Reputation: 113
I have a datatable containing thousands of rows. in the table there is a serial number column and a test number column. If a serial is tested more than one the test number increments. I need to be able to select the most recent test for each serial from my datatable and insert it into another datatable. Currently I am using this:
DataTable newdata = data.AsEnumerable().Where(x => x.Field<Int16>("Test") ==
data.AsEnumerable().Where(y => y.Field<string>("Serial") ==
x.Field<string>("SerialNumber")).Select(y =>
y.Field<Int16>("Test")).Max()).Select(x => x).CopyToDataTable();
This does do the job however as it is quite clear it is incredibly inefficient.

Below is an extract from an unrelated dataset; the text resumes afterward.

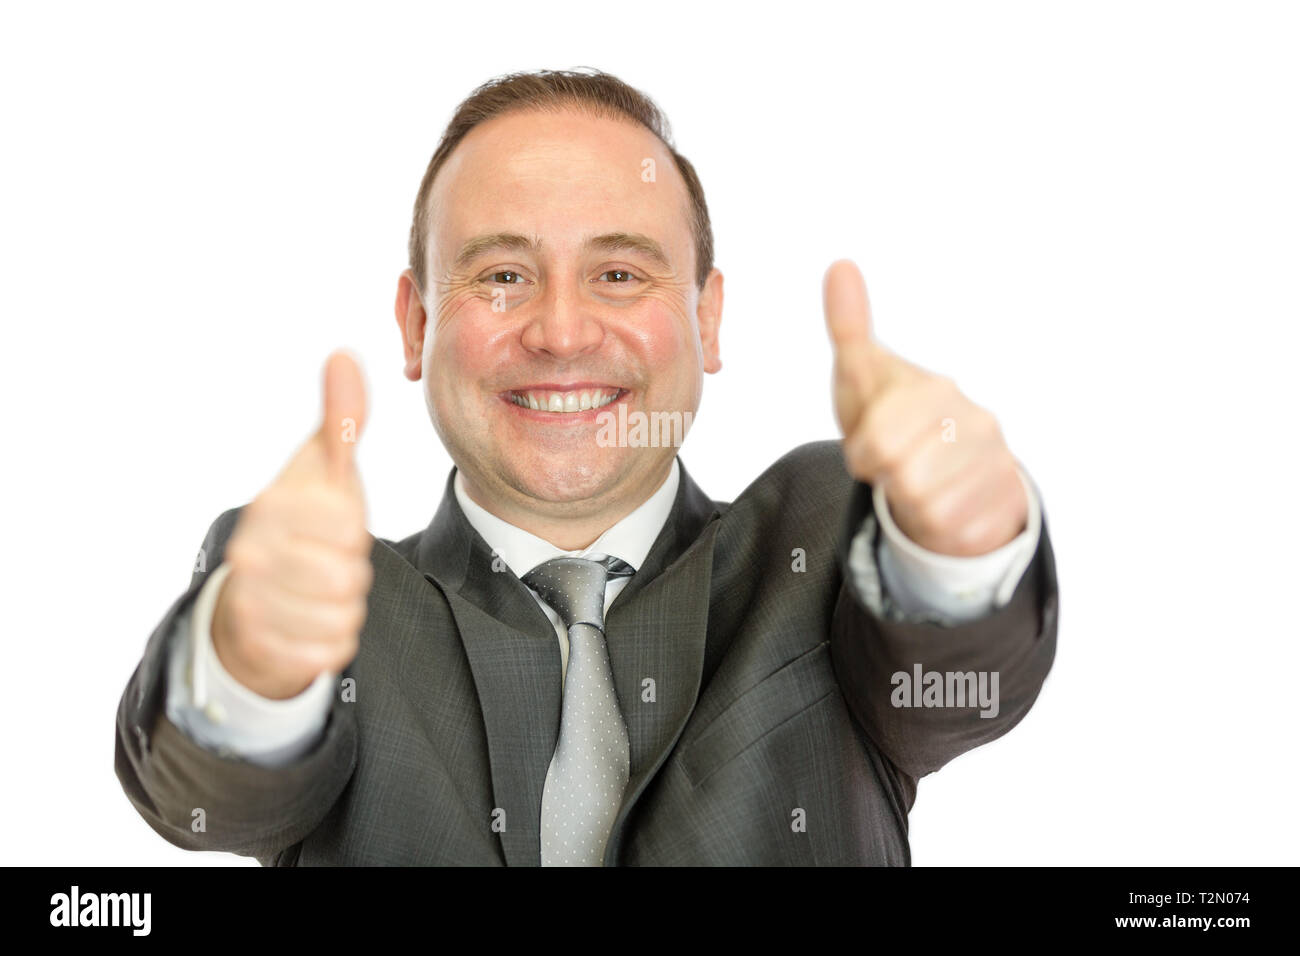 A happy, enthusiastic, mature businessman giving thumbs up signals with both hands on a white background with copy space. Stock Photo

Is there a more efficient way to select the top row of data for each serial number?
Thank you
Solution
So following on from Cam Bruce's answer I implemented the following code with a Dictionary rather than with a join:
//Get all of the serial numbers and there max test numbers
Dictionary<string, Int16> dict = data.AsEnumerable().GroupBy(x => x.Field<string>("SerialNumber")).ToDictionary(x => x.Key, x => x.Max(y => y.Field<Int16>("Test")));
//Create a datatable with only the max rows
DataTable newdata = data.AsEnumerable().Where(x => x.Field<Int16>("Test") ==
dict[x.Field<string>("SerialNumber")]).Select(x => x).CopyToDataTable();
//Clear the dictionary
dict.Clear();
Upvotes: 0
Views: 198
Reputation: 5689
This will give you each serial number, and the Max
test. You can then join that result set back to the DataTable
to get all the max rows.
var maxTest= data.AsEnumerable()
.GroupBy(g=> g.Field<string>("SerialNumber"))
.Select(d=> new
{
SerialNumber = g.Key
Test = g.Max(g.Field<Int16>("Field"))
};
var maxRows = from d in data.AsEnumerable()
join m in maxTest
on new { S = d.Field<string>("SerialNumber"), T = d.Field<Int16>("Test") }
equals new { S = m.SerialNumber, T = m.Test }
select d;
Upvotes: 1